Robust Face Recognition via Sparse Representation

TLDR
This work considers the problem of automatically recognizing human faces from frontal views with varying expression and illumination, as well as occlusion and disguise, and proposes a general classification algorithm for (image-based) object recognition based on a sparse representation computed by C1-minimization.
Abstract
We consider the problem of automatically recognizing human faces from frontal views with varying expression and illumination, as well as occlusion and disguise. We cast the recognition problem as one of classifying among multiple linear regression models and argue that new theory from sparse signal representation offers the key to addressing this problem. Based on a sparse representation computed by C1-minimization, we propose a general classification algorithm for (image-based) object recognition.

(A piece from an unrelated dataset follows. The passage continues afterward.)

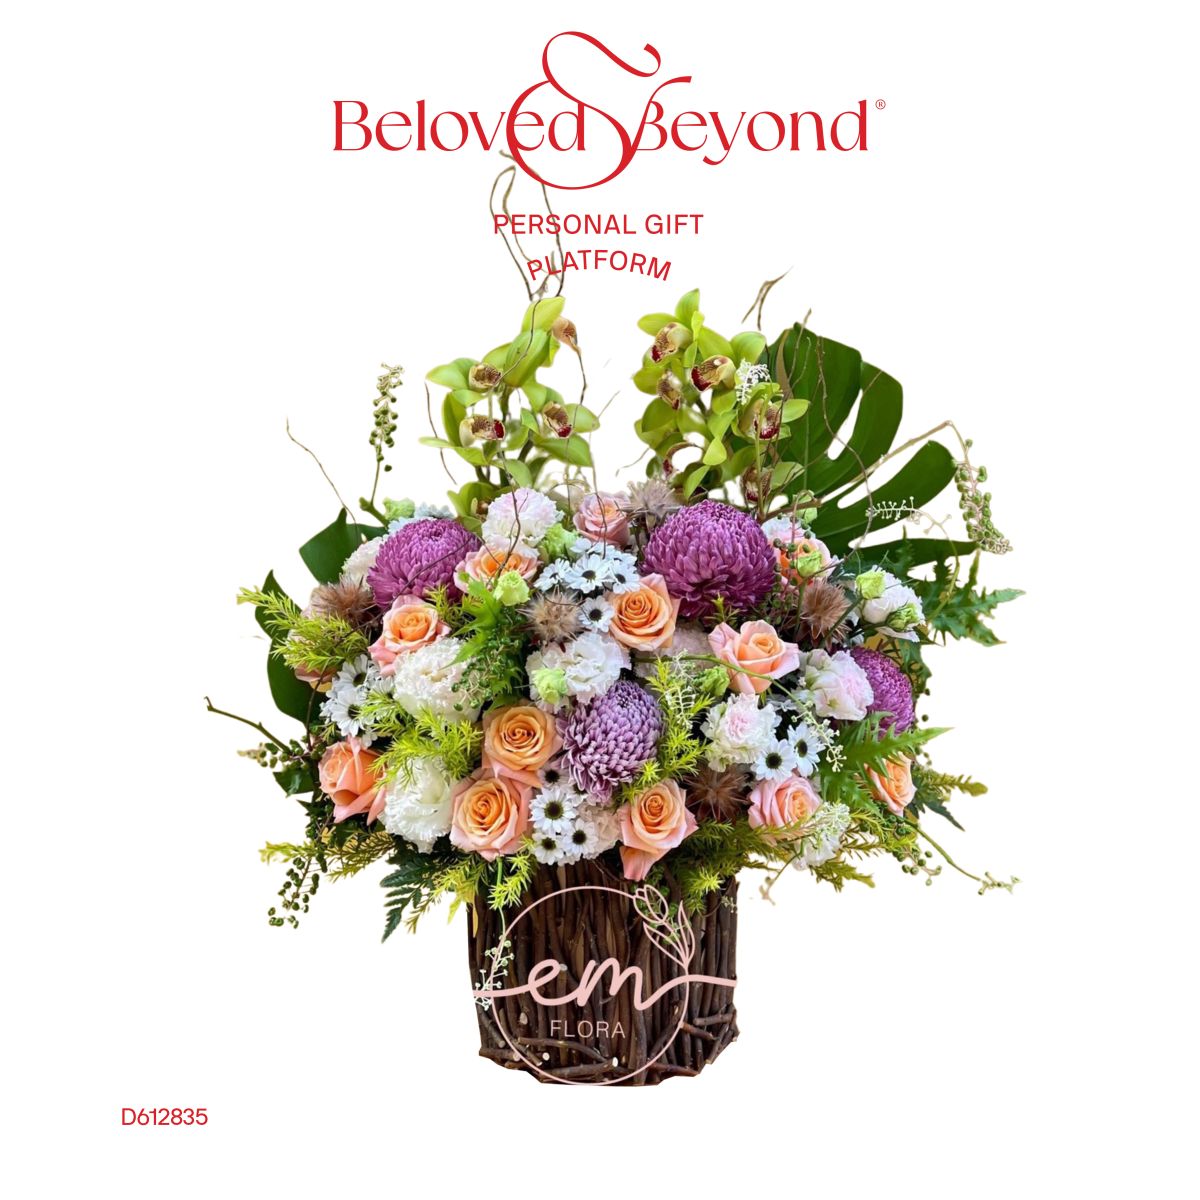 Hoa cúc mẫu đơn đẹp tại Beloved & Beyond

This new framework provides new insights into two crucial issues in face recognition: feature extraction and robustness to occlusion. For feature extraction, we show that if sparsity in the recognition problem is properly harnessed, the choice of features is no longer critical. What is critical, however, is whether the number of features is sufficiently large and whether the sparse representation is correctly computed. Unconventional features such as downsampled images and random projections perform just as well as conventional features such as eigenfaces and Laplacianfaces, as long as the dimension of the feature space surpasses certain threshold, predicted by the theory of sparse representation. This framework can handle errors due to occlusion and corruption uniformly by exploiting the fact that these errors are often sparse with respect to the standard (pixel) basis. The theory of sparse representation helps predict how much occlusion the recognition algorithm can handle and how to choose the training images to maximize robustness to occlusion. We conduct extensive experiments on publicly available databases to verify the efficacy of the proposed algorithm and corroborate the above claims.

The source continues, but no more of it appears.